Thursday morning, Nuestro PAC, founded by former Bernie Sanders aide Chuck Rocha, launched a petition to recruit Rep. Ruben Gallego, who currently represents the Phoenix area in Congress, to primary Sinema when she is up for reelection in 2024. The “Run Ruben Run” campaign "aims to create the infrastructure to help Congressman Gallego challenge Senator Sinema by building a base of support so his campaign is ready to run on day one."

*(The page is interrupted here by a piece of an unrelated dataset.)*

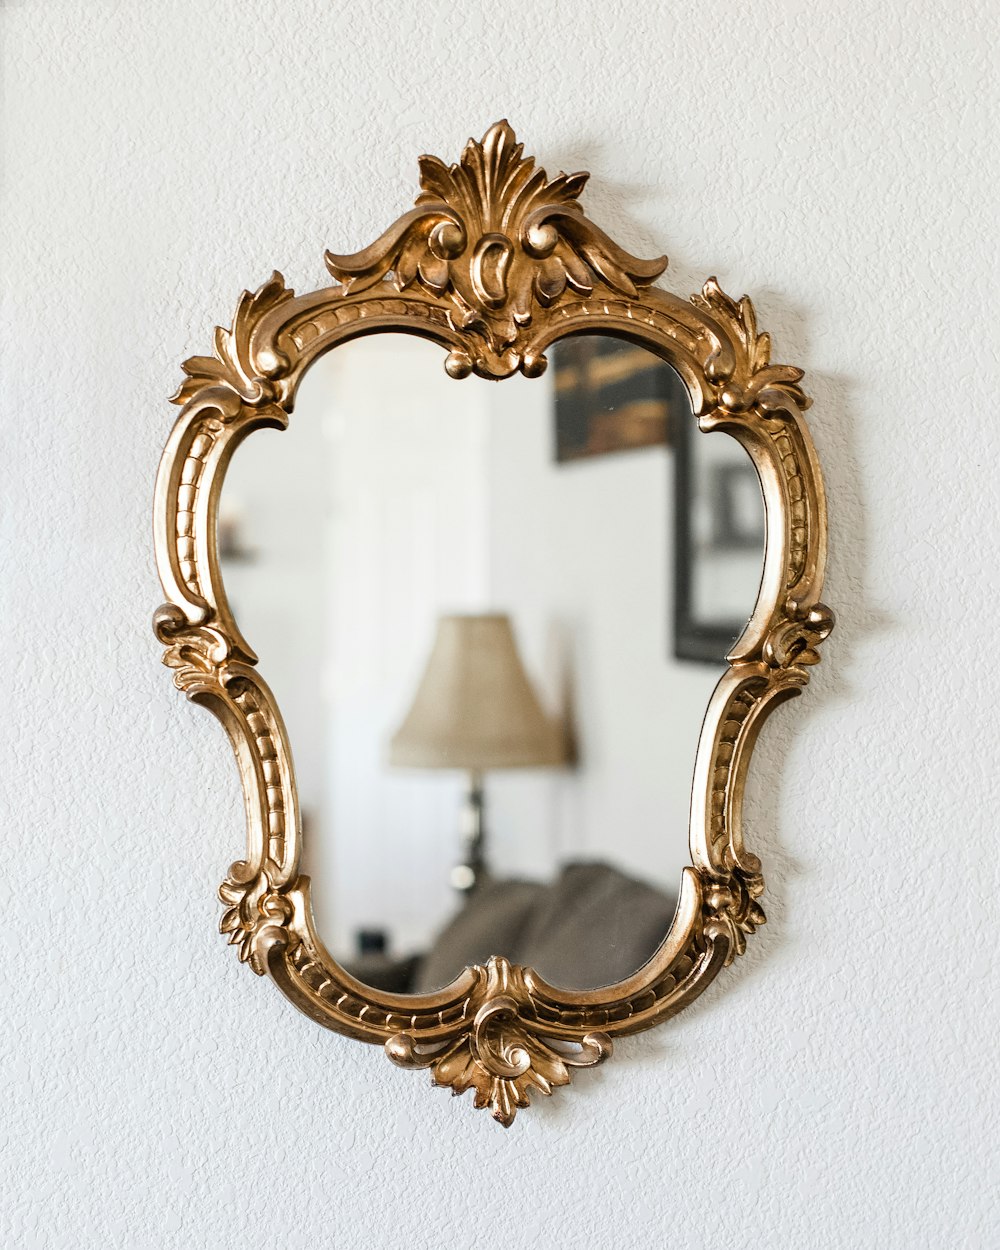 램프 옆 벽에 걸려 있는 거울
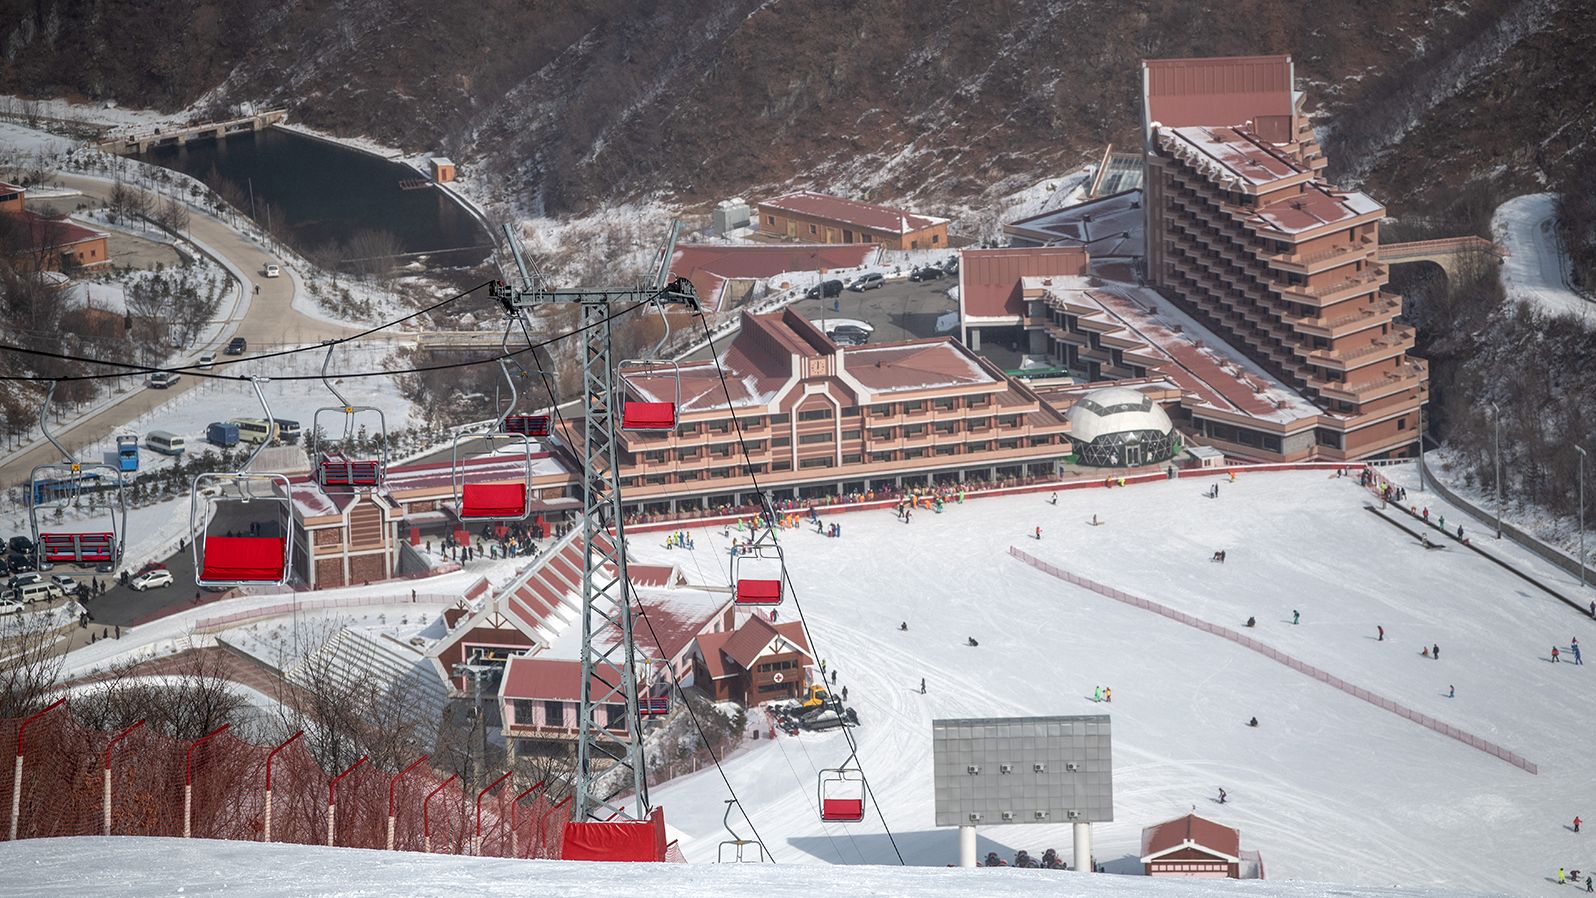 ¿Vuelve el turismo a Corea del Norte? Un anuncio de un viaje de esquí sugiere el regreso de los primeros turistas desde 2020

Another online fundraising page was started to fund the “future primary challenger of Kyrsten Sinema." That page states its chief concern is Sinema’s continued support of the filibuster, which has gotten in the way of Democratic lawmaking so far this year. Manchin is facing similar pressures as a red state Democrat, but Sinema's now-purple Arizona leaves plenty of room for political pushback from within her party.

"For months, Arizonans who led the charge in electing Kyrsten Sinema have been pushing her to listen to the voters who put her in office and stop blocking President Biden’s agenda by protecting the filibuster..." the page reads. "...we need to make the threat even more clear and much more concrete. We need to show Sinema that if she refuses to fight for us, Democrats and independents nationwide will deliver the funding to make a future primary challenger an undeniable threat to her political career."

THE PLAYLIST
ABC News' "Start Here" podcast Friday morning’s episode features a trip to Mississippi's last abortion clinic with ABC News Senior Washington Reporter Devin Dwyer as the Supreme Court is set to hear arguments this term in a case that could overturn Roe v. Wade. Then, ABC News Chief Business and Economics Correspondent Rebecca Jarvis breaks down the concerns over Instagram's impact on teens. And, in an "America Strong" special, we talk to Molly Longbrake -- a member of the Cheyenne River Sioux -- who is working to educate her community against vaccine misinformation. http://apple.co/2HPocUL

WHAT YOU NEED TO KNOW THIS WEEKEND

  • President Joe Biden receives the president’s daily brief Friday at 9:30 a.m.
  • The White House COVID-19 Response Team will hold a press briefing Friday at 11 a.m.
  • White House press secretary Jen Psaki will hold a press briefing Friday at 1 p.m.
  • The Women's March will take place in Washington, D.C., on Saturday.
  • Sunday on ABC’s “This Week” The Powerhouse Roundtable discusses all the week’s politics with ABC News Political Director Rick Klein, former DNC chair and ABC News Contributor Donna Brazile, former New Jersey governor and ABC News Contributor Chris Christie and co-author of Politico Playbook Rachael Bade.